TASK »
Pictures aside, reproduce exactly and only the lines below, starting at the one containing "Singer Stitch Sew" and ending at the last line.

##### DATA

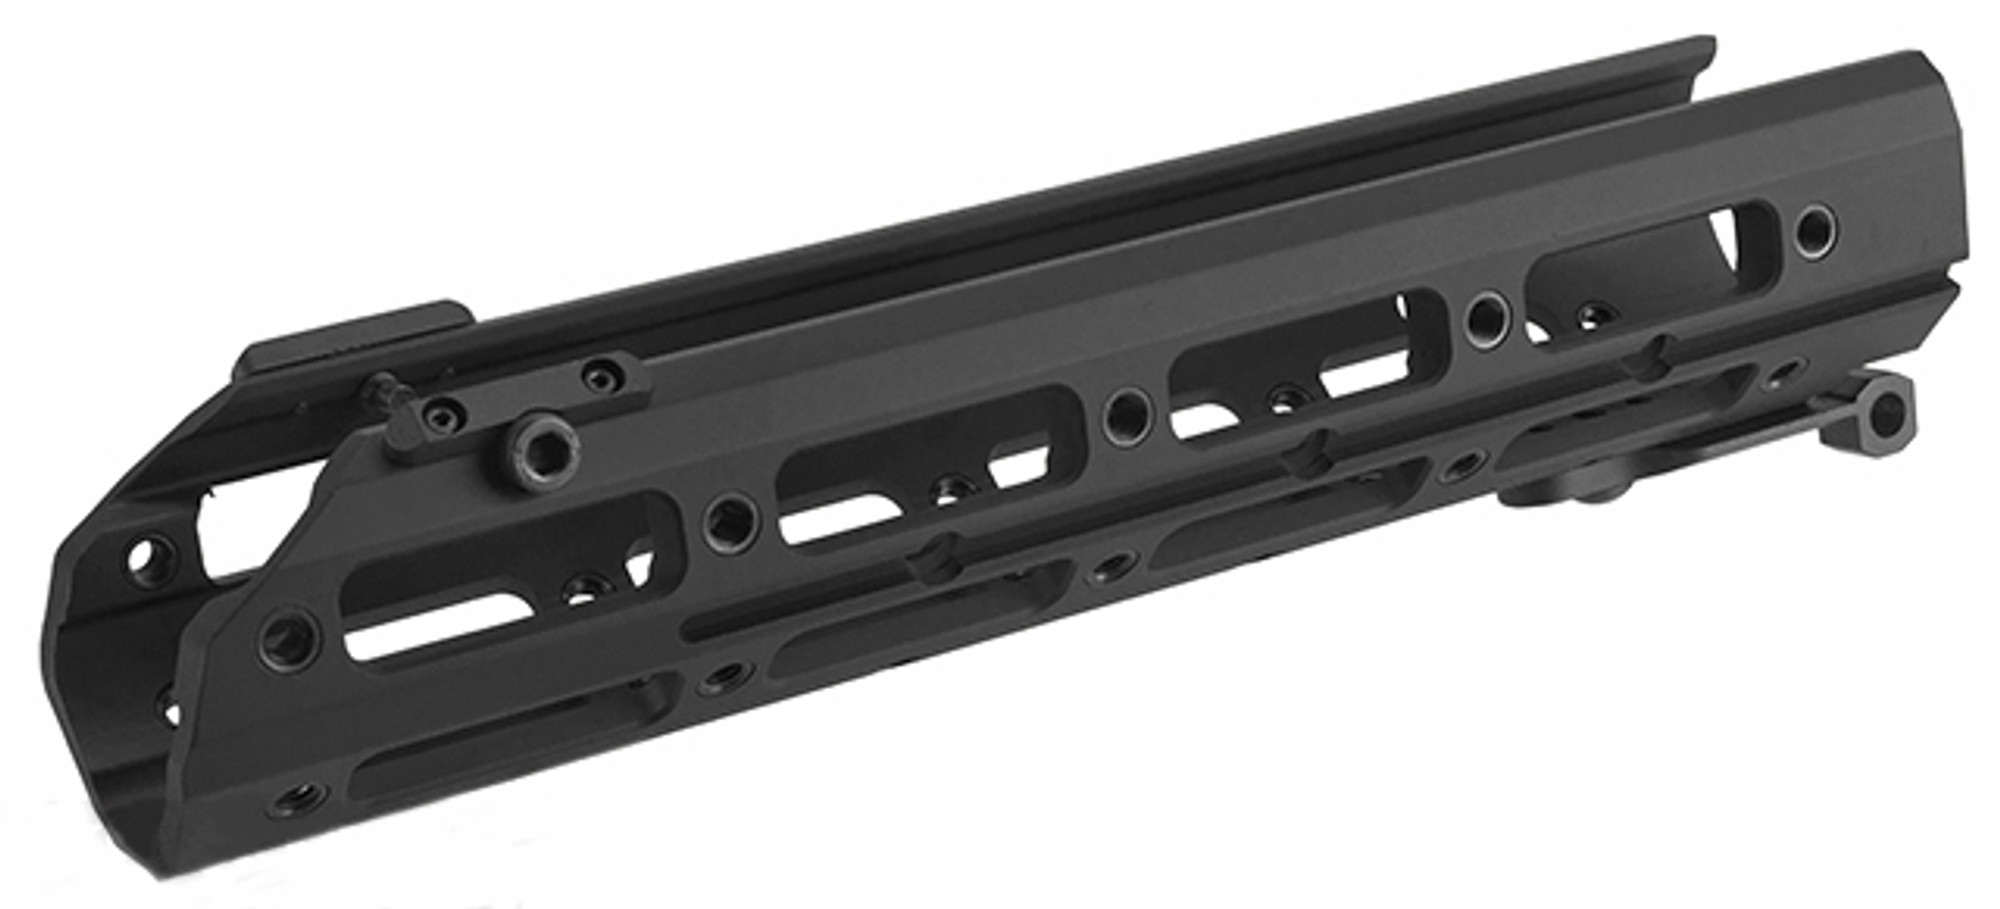 WE-Tech Replacement 9.5" Modular Handguard for MSK Series Airsoft GBB Rifles - Part# 11 (Black)
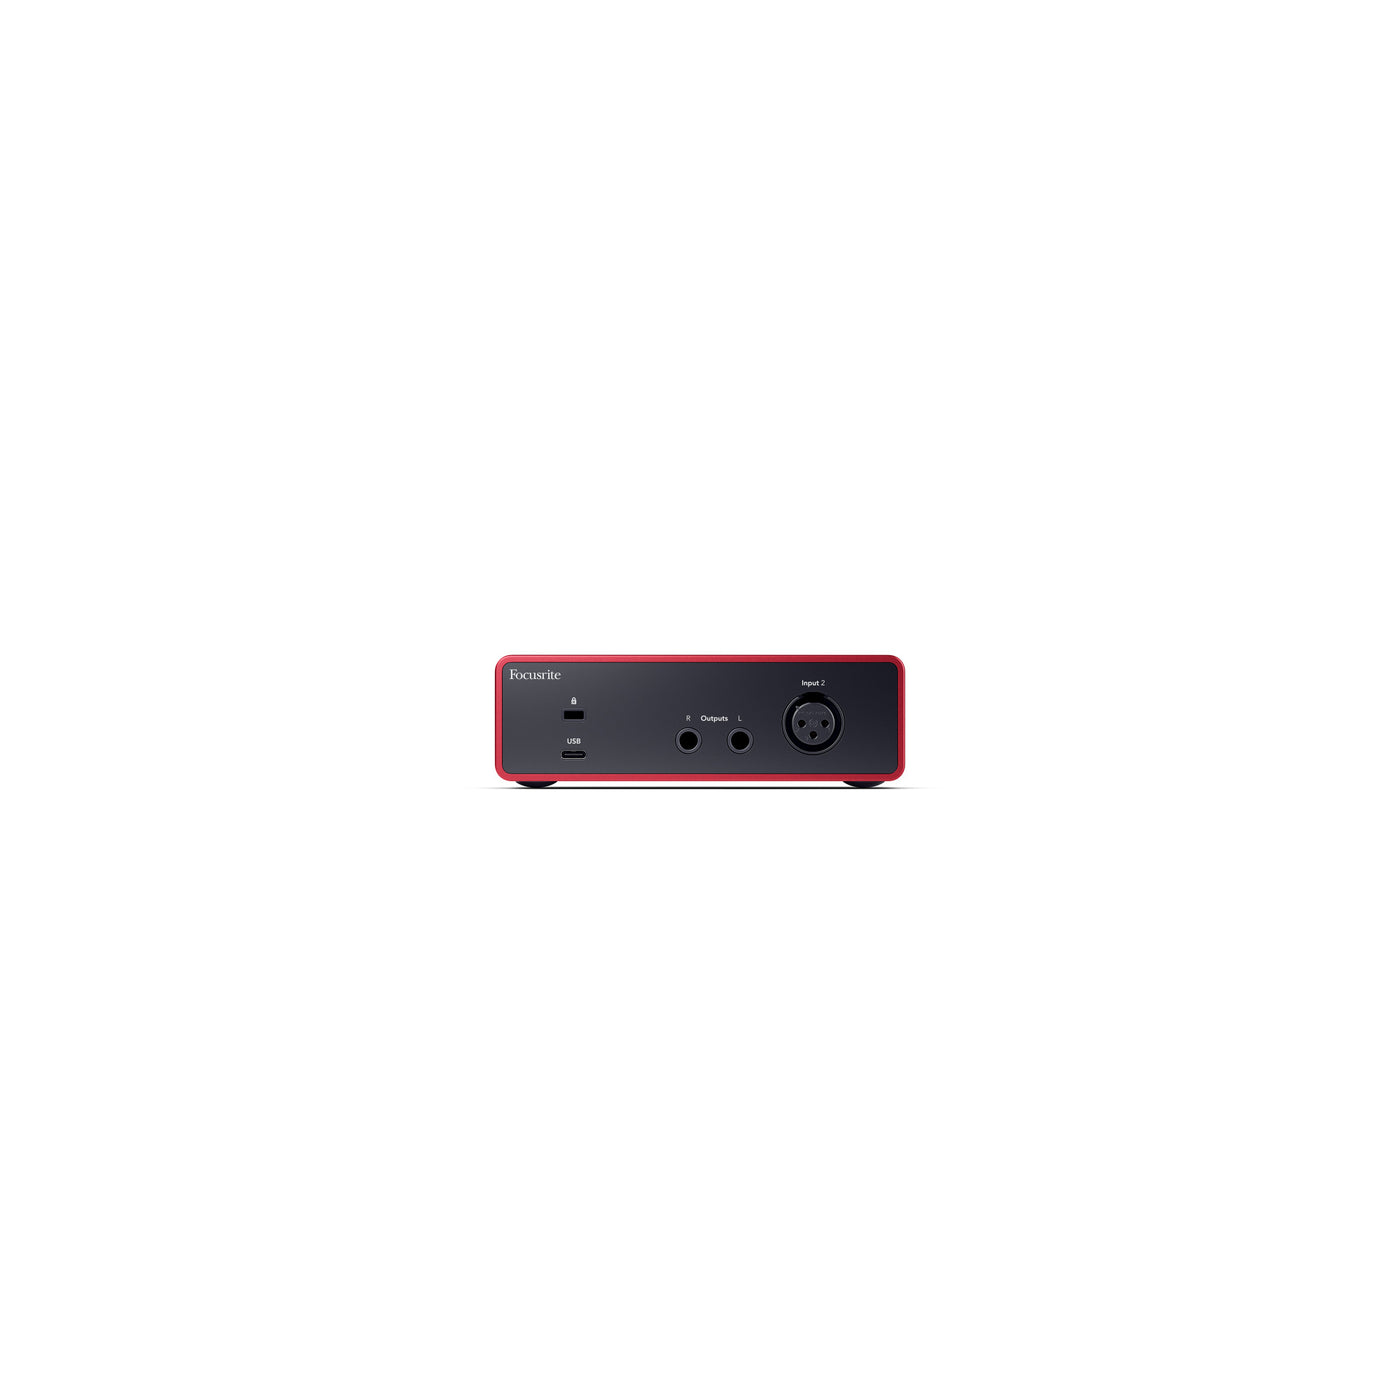 Focusrite Scarlett Solo (4th Gen) USB Audio Interface, Professional Quality Audio Equipment for Studio Musicians, Guitarists, & Producers
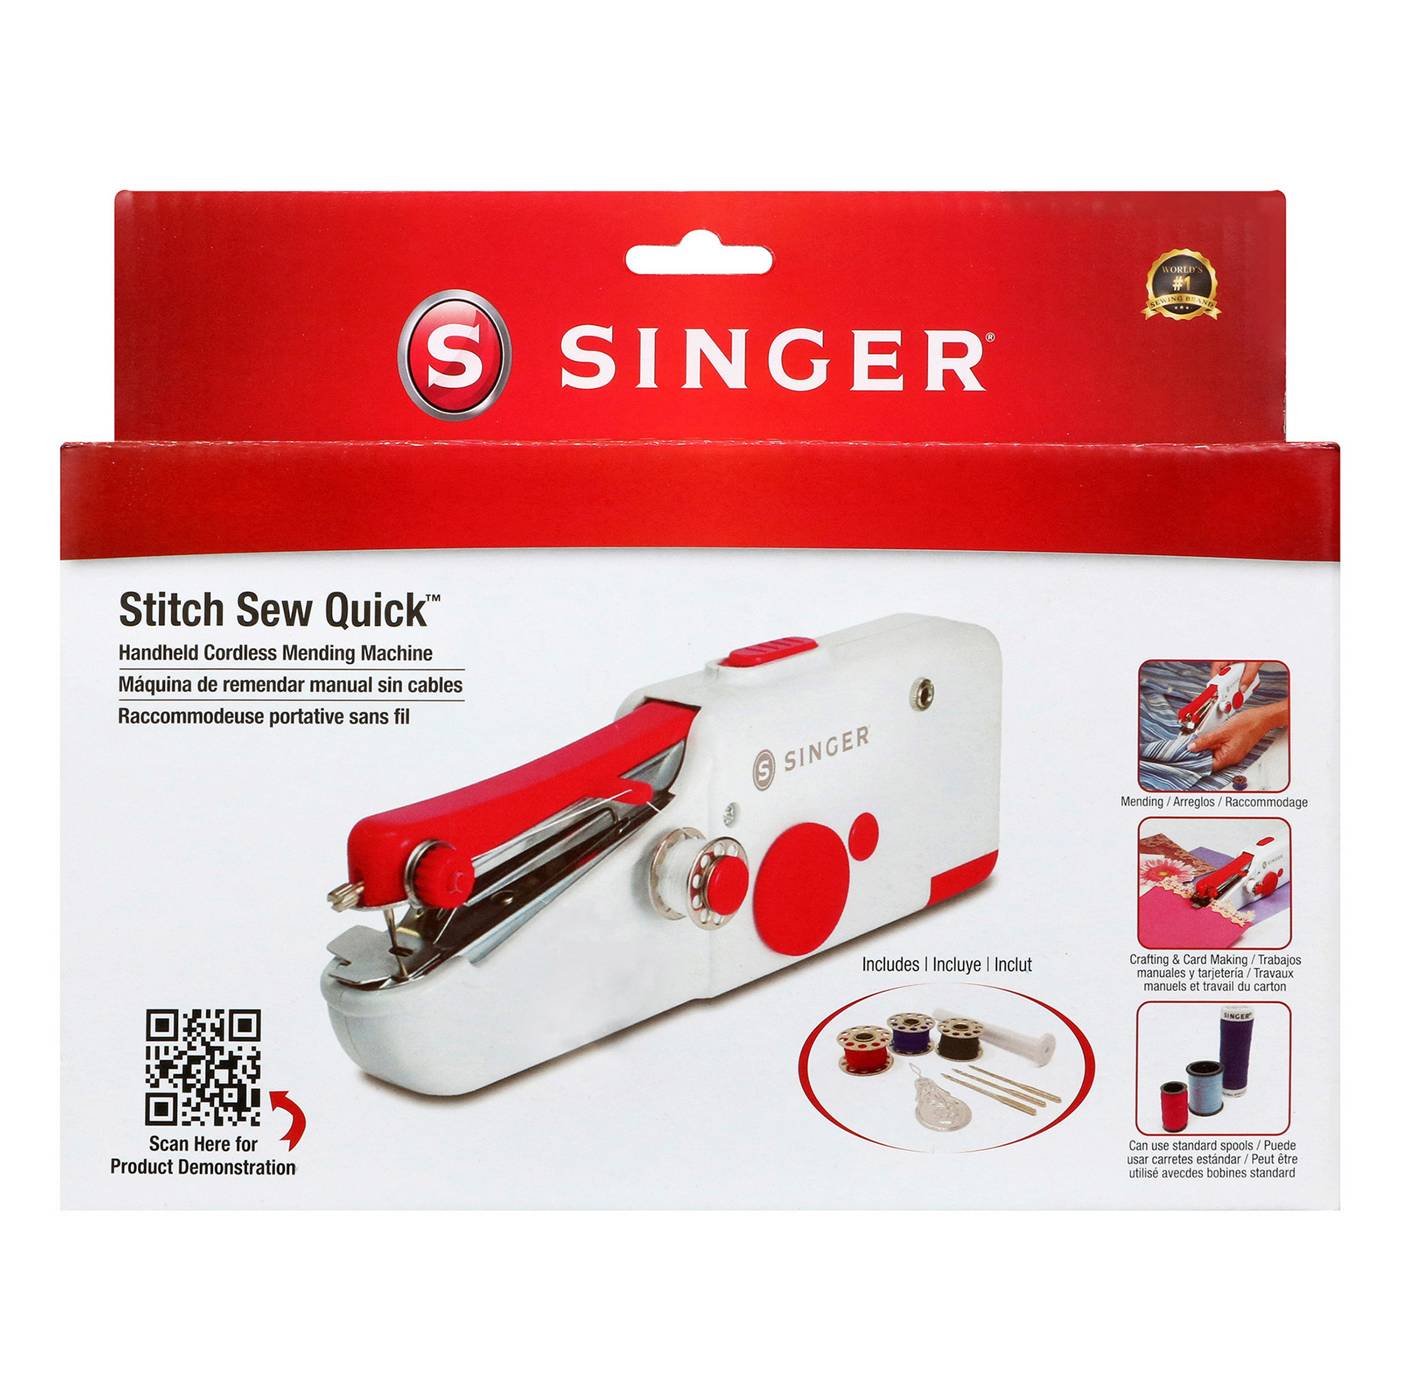 Singer Stitch Sew Quick + Handheld Cordless Mending Machine; image 1 of 3
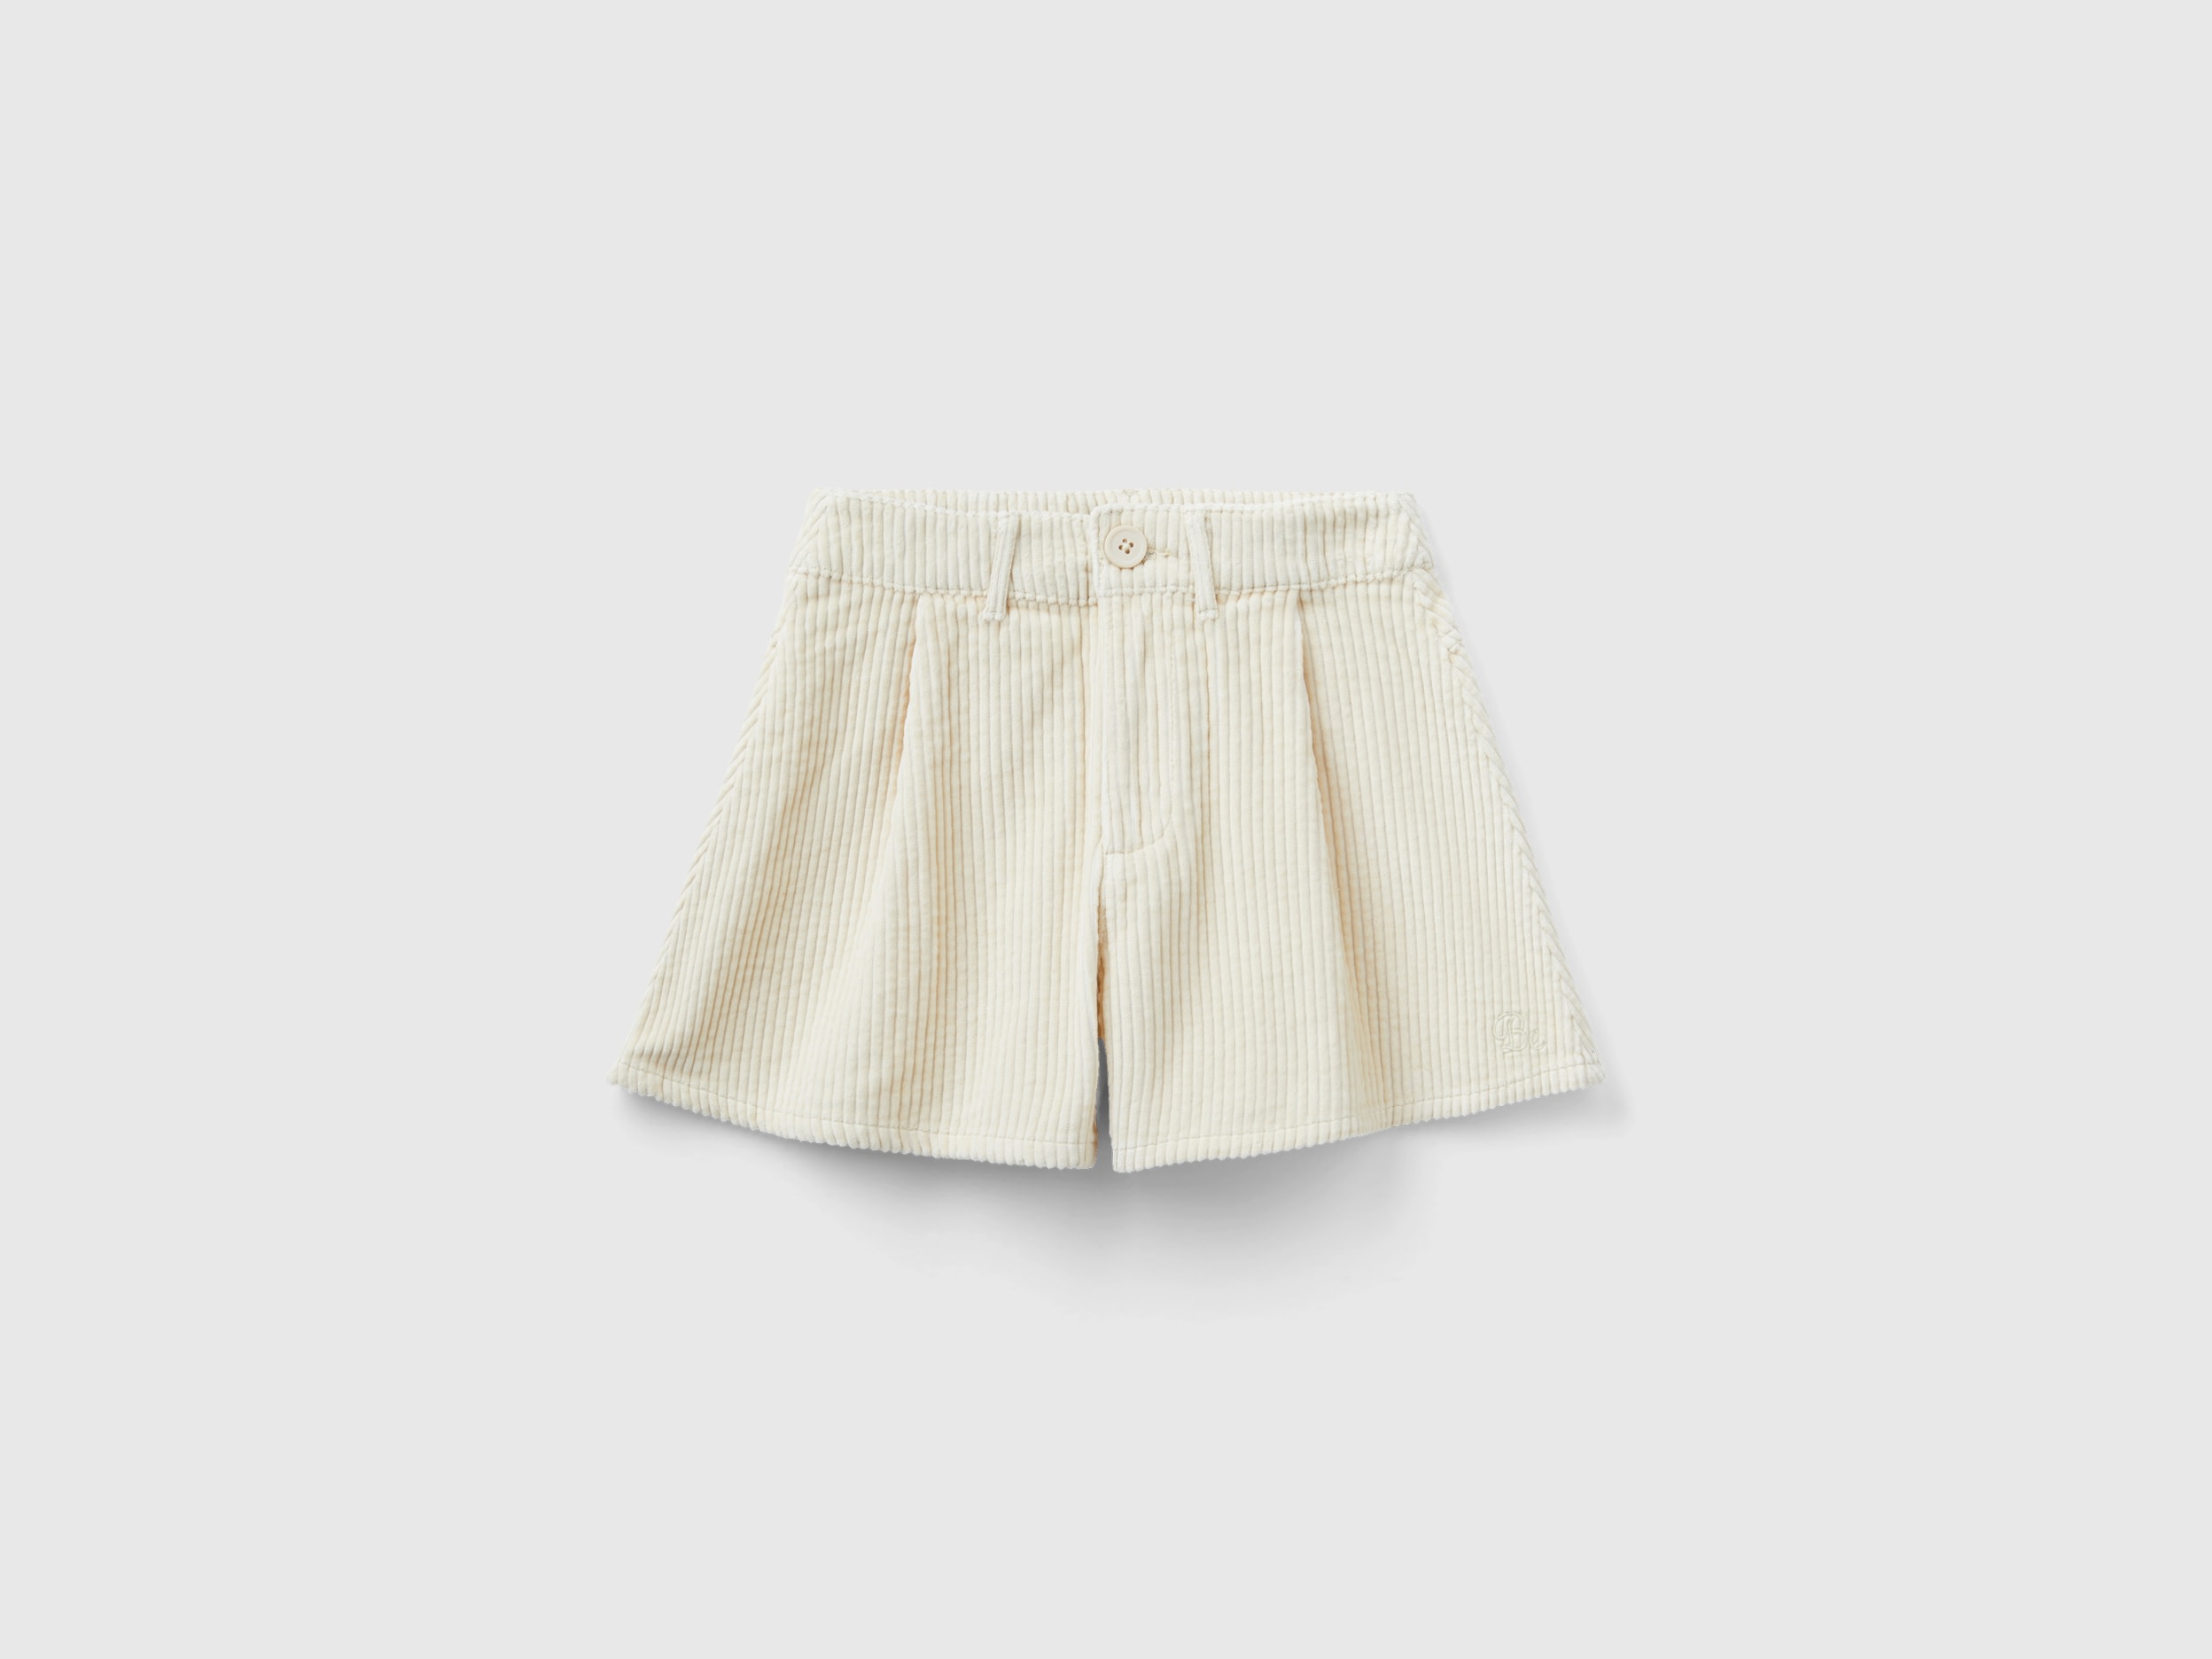 Benetton, Corduroy Bermuda Shorts, size 3XL, Creamy White, Kids

##########

SOLVED PROBLEM »
 Singer Stitch Sew Quick + Handheld Cordless Mending Machine; image 1 of 3
 Benetton, Corduroy Bermuda Shorts, size 3XL, Creamy White, Kids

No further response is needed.